One photo shows two men, Rick and Jimbo, in the hovel they had built out of plywood in a wooded area near the intersection of U.S. 63 and I-70. Shrubshell got the picture after drinking a beer with the two men.

“They started laughing just because I took a drink with them,” Shrubshell said. “I was in with them right then.”

Free Don Shrubshell

In January 2005, Columbia police officer Molly Bowden was fatally shot by a motorist during a traffic stop. Shrubshell arrived on the scene and was doing his job, when police expanded the size of the crime scene and erected yellow police tape behind him. A police officer tackled Shrubshell and arrested him for being inside the crime scene boundary.

Police confiscated Shrubshell’s equipment, which was later delivered to the Tribune’s offices. A newspaper columnist had a t-shirt made up with the words “Free Don Shrubshell.” The charges were eventually dropped. Bowden’s family later thanked Shrubshell for a photo he captured of an officer saluting Bowden during a public visitation in the Mizzou Arena.

 Years of experience gave Shrubshell confidence to know what it takes to create a remarkable photo. When Willie Nelson came to Columbia in 2009 to perform at a downtown festival, Shrubshell talked Nelson’s stage manager into allowing him to use a stepladder to capture an image from behind the performer with a packed crowd watching.

While on assignments for the Tribune in Columbia, Shrubshell would sometimes encounter students from the University of Missouri’s School of Journalism. “It’s not too late to change your major,” Shrubshell would advise them.

Shrubshell has a son, Brody, 22, who is on his second tour as a wheeled vehicle mechanic in the U.S. Army. “I don’t think I would tell my son to go into journalism,” Shrubshell said. Now that he’s unemployed, Shrubshell says he might seek part time work different from journalism or photography.

After a lifetime of hunting news pictures, Shrubshell searches for words that describe these two concurrent developments: a journalistic honor and a forced departure from his craft. He realizes that the opportunity to choose a career path like he did might no longer exist.

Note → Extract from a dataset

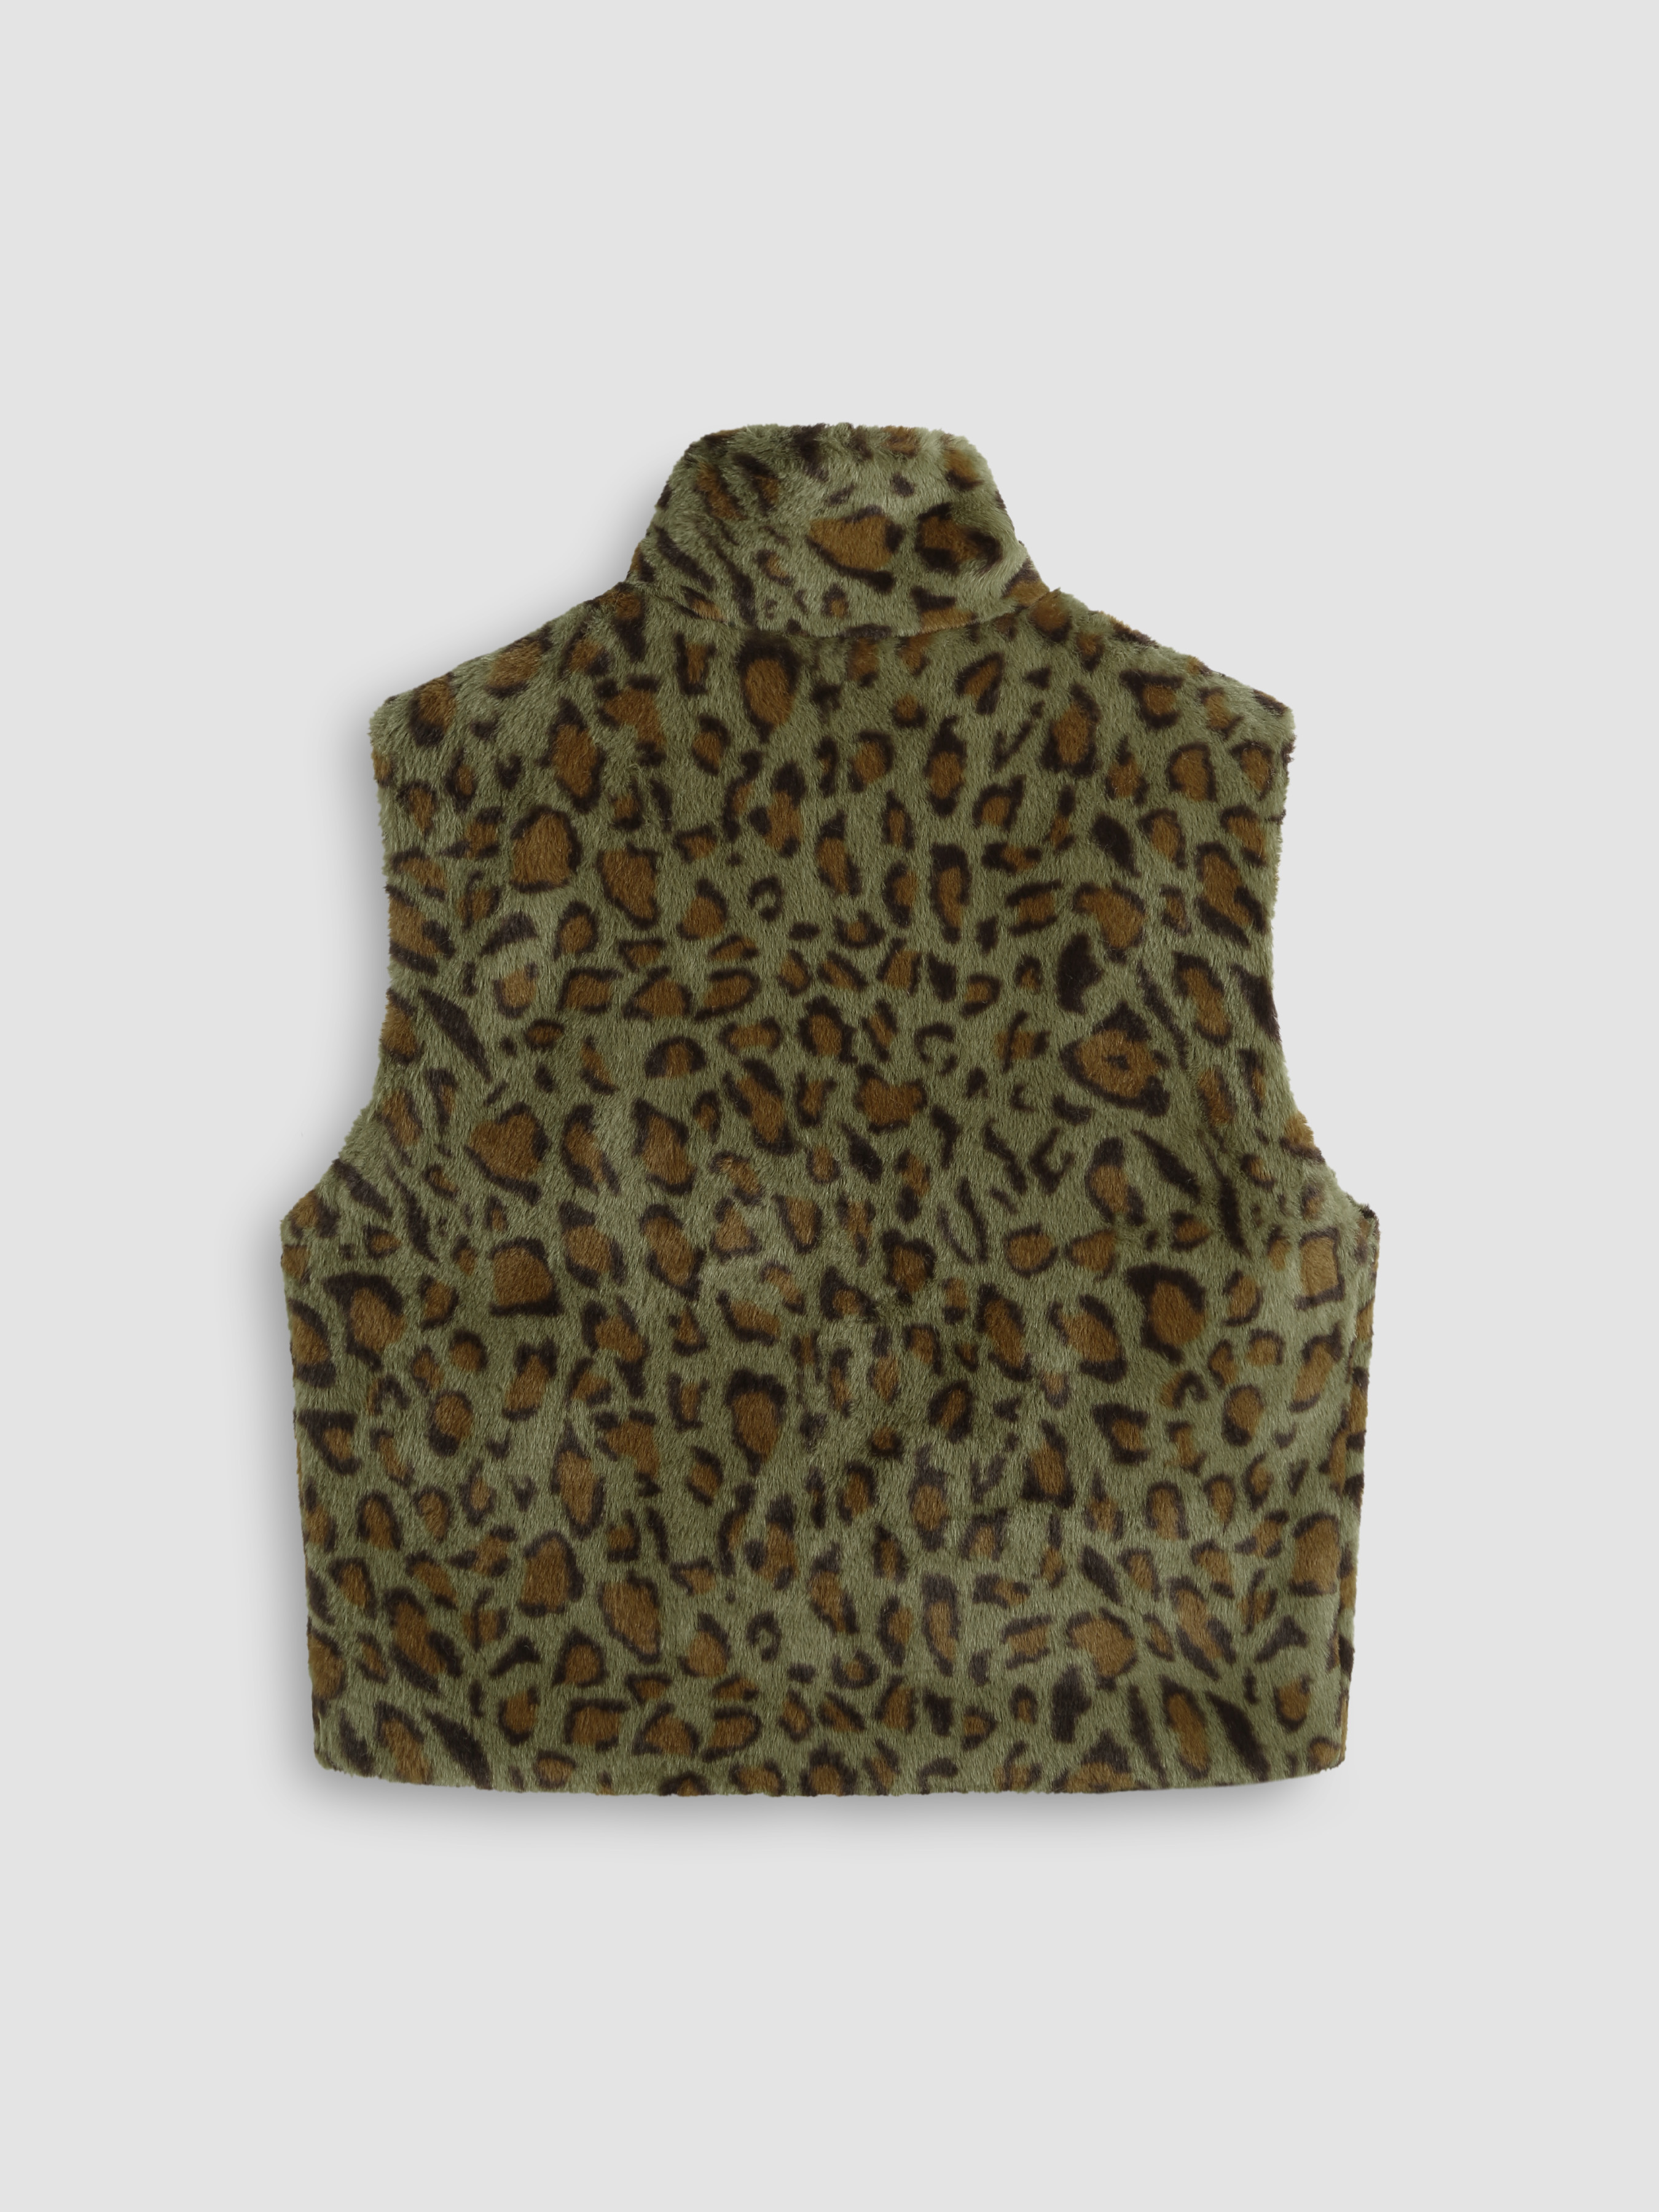 Leopard-print puffer vest

“People were photographed because life happened to them,” Shrubshell said. “Documenting people in a small town is important, but that’s not happening. There’s always going to be journalism but it’s changed a lot. And it’s sad.”
Will there be news photographers in the future to be inducted into a Hall of Fame? With Shrubshell gone, the Tribune’s remaining reporters take photos with their cell phones.   

Terry Ganey is a former St. Louis Post-Dispatch investigative reporter and former St. Louis editor for Gateway Journalism Review.